Assignment. In the copy, every line of the material that follows must appear exactly, and no pictures should.

Given data.
========

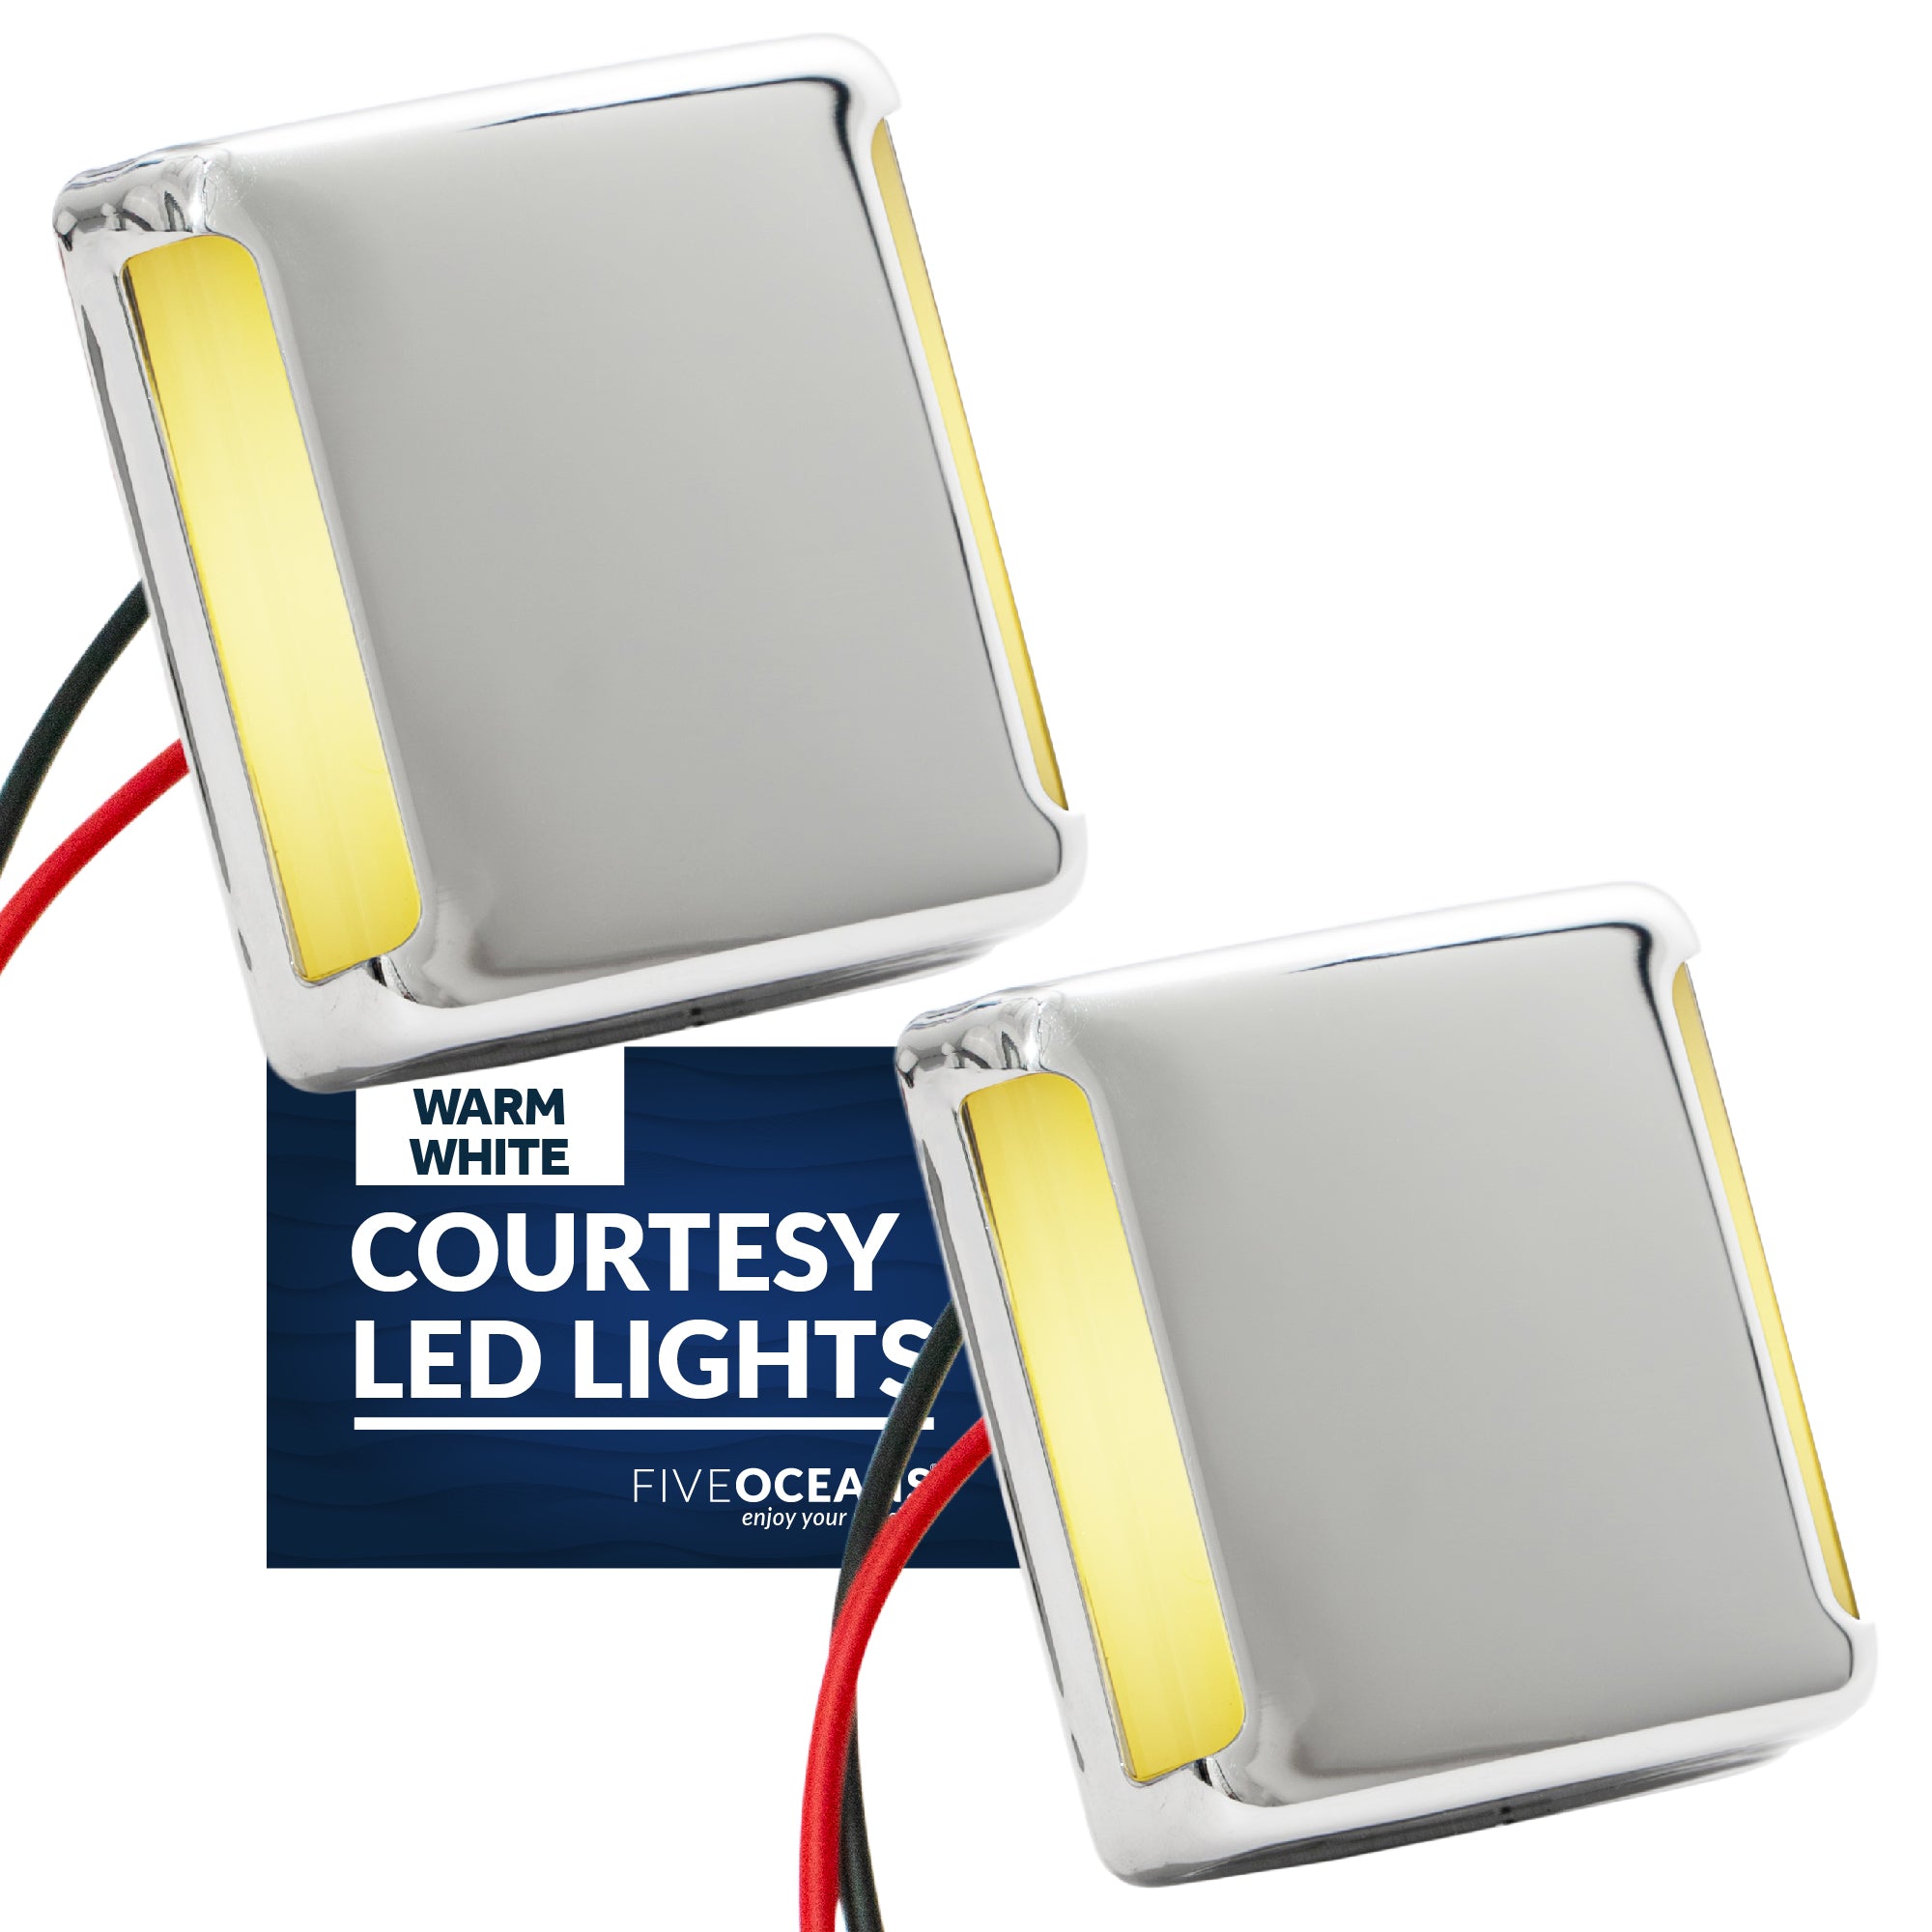 LED Courtesy Companion Way Light, Square, Warm White, 2-Pack - FO4457-M2
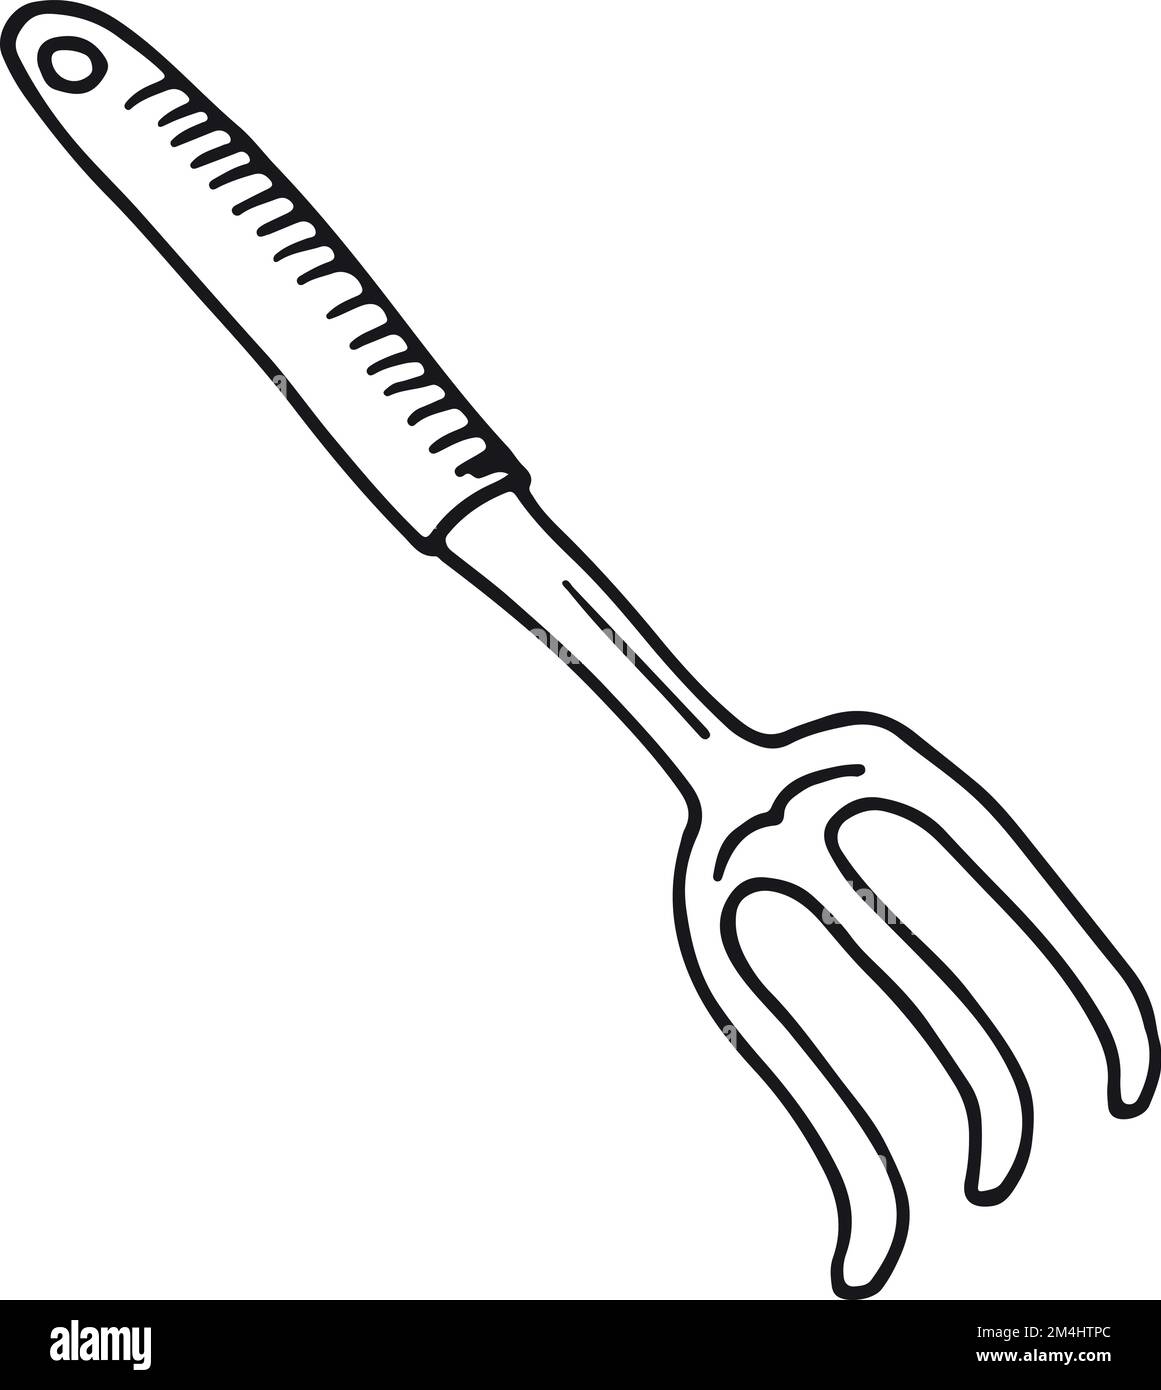 Gardening fork icon. Hand drawn farmer tool Stock Vector
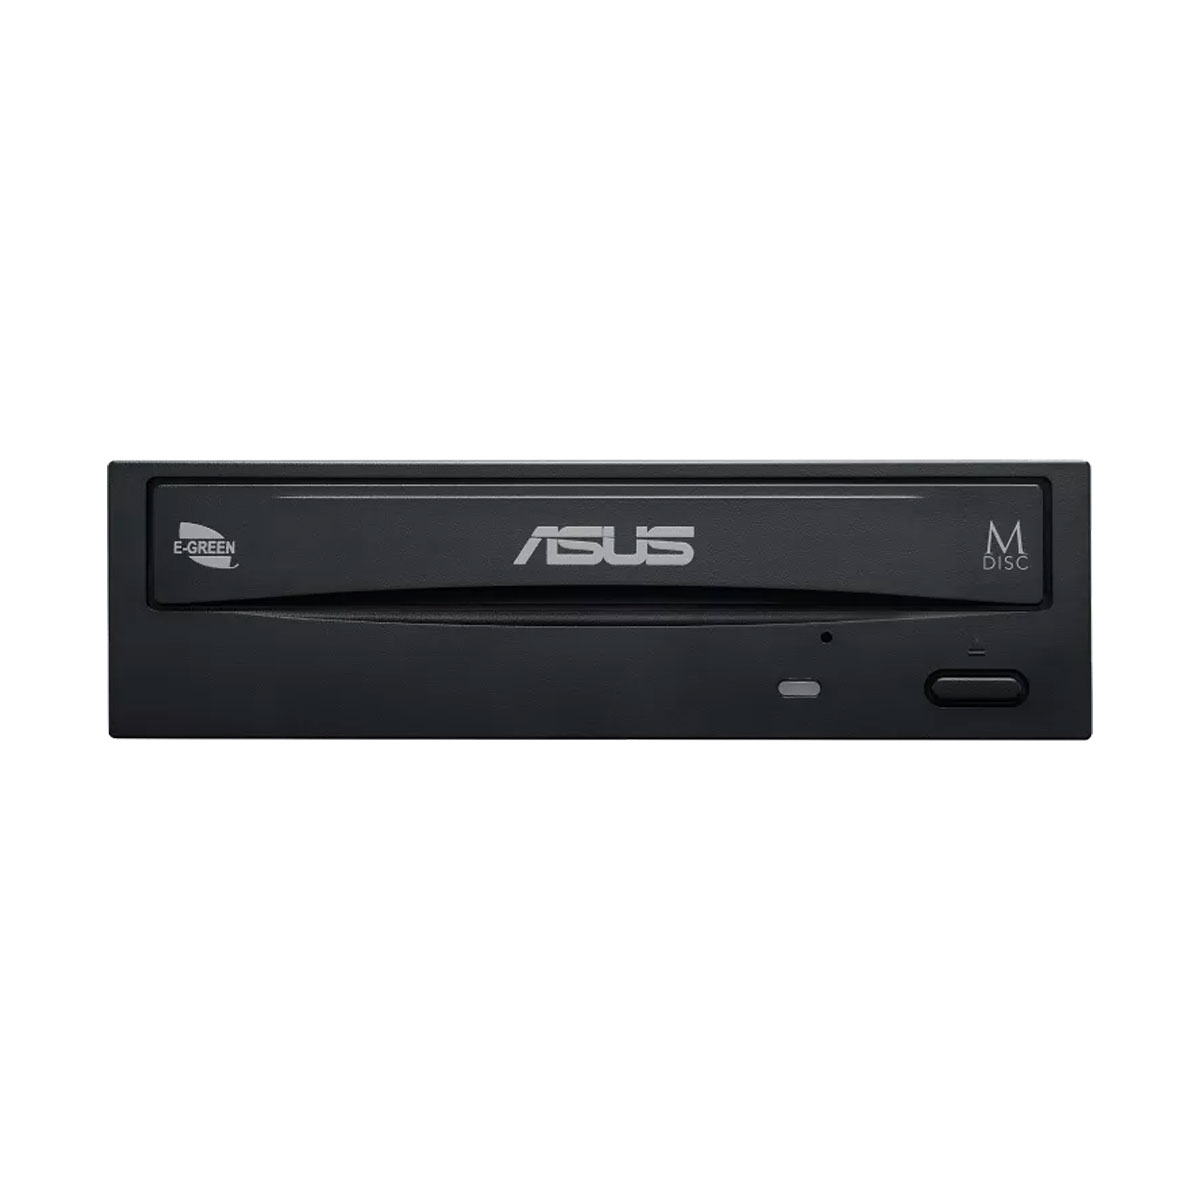 Asus DVD Writer DRW-24D5MT
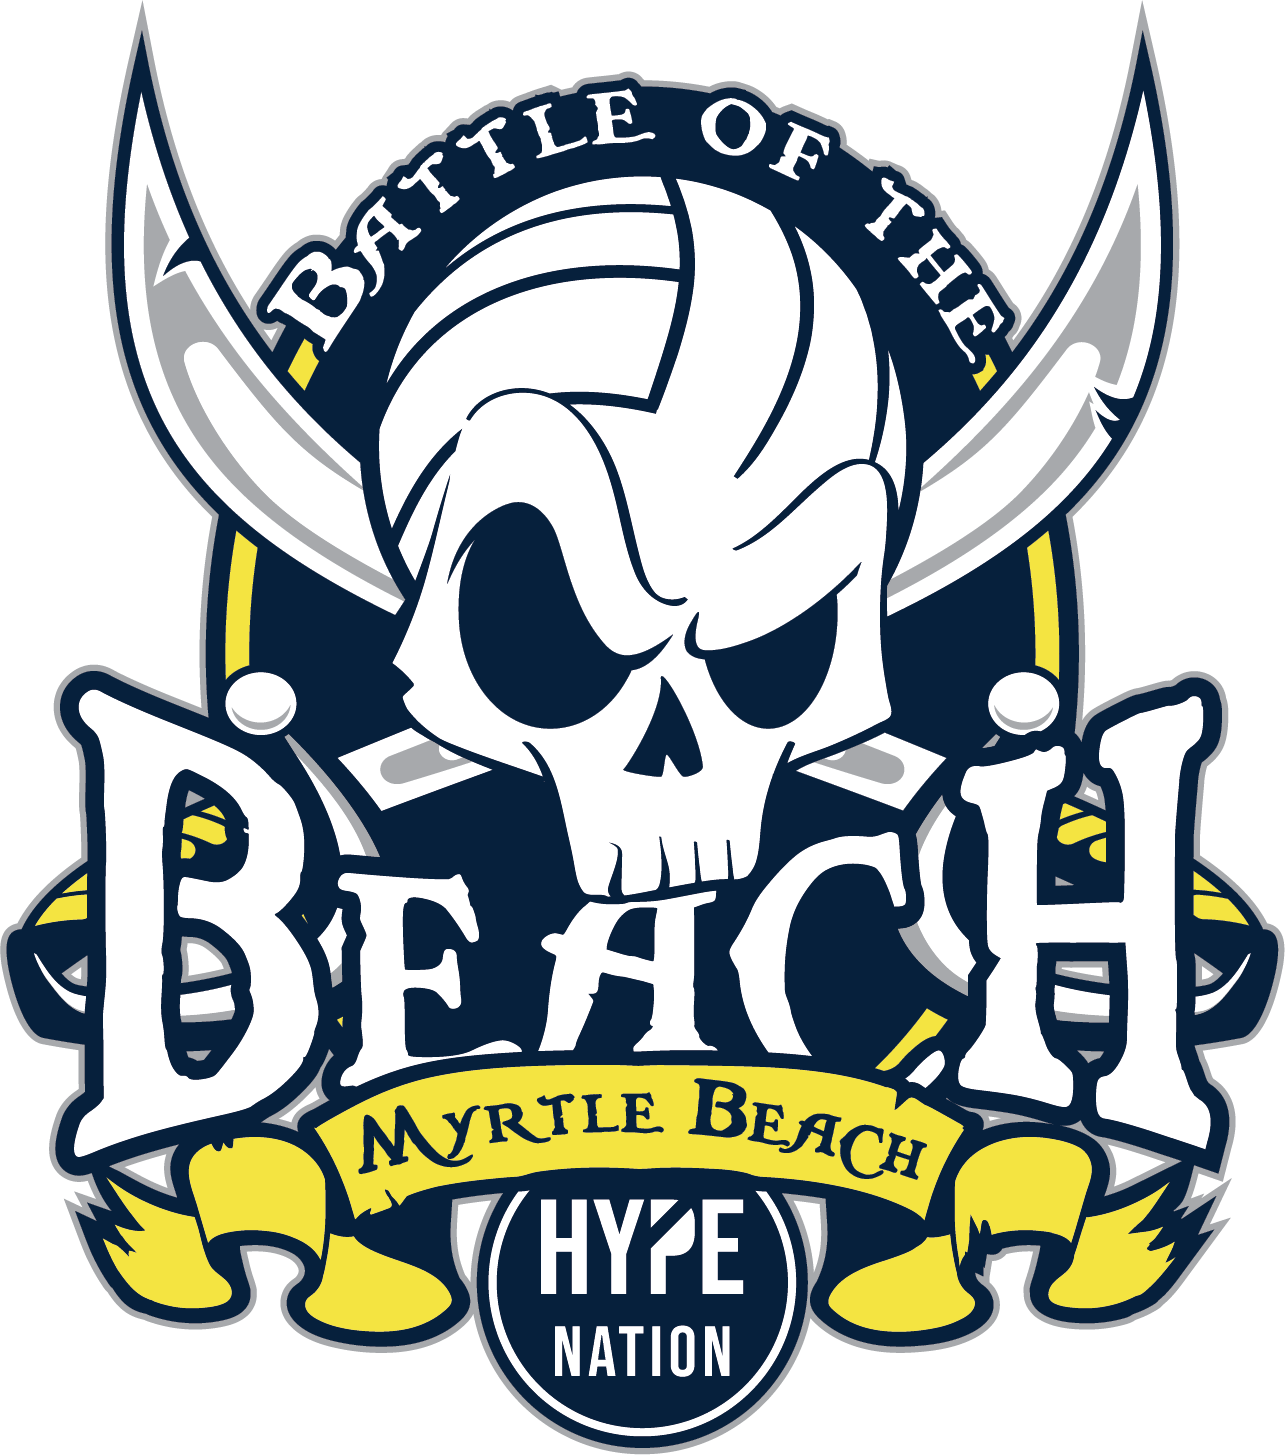 Battle of the Beach

========

Response to the task.
 LED Courtesy Companion Way Light, Square, Warm White, 2-Pack - FO4457-M2
 Gardening fork icon. Hand drawn farmer tool Stock Vector
 Asus DVD Writer DRW-24D5MT
 Battle of the Beach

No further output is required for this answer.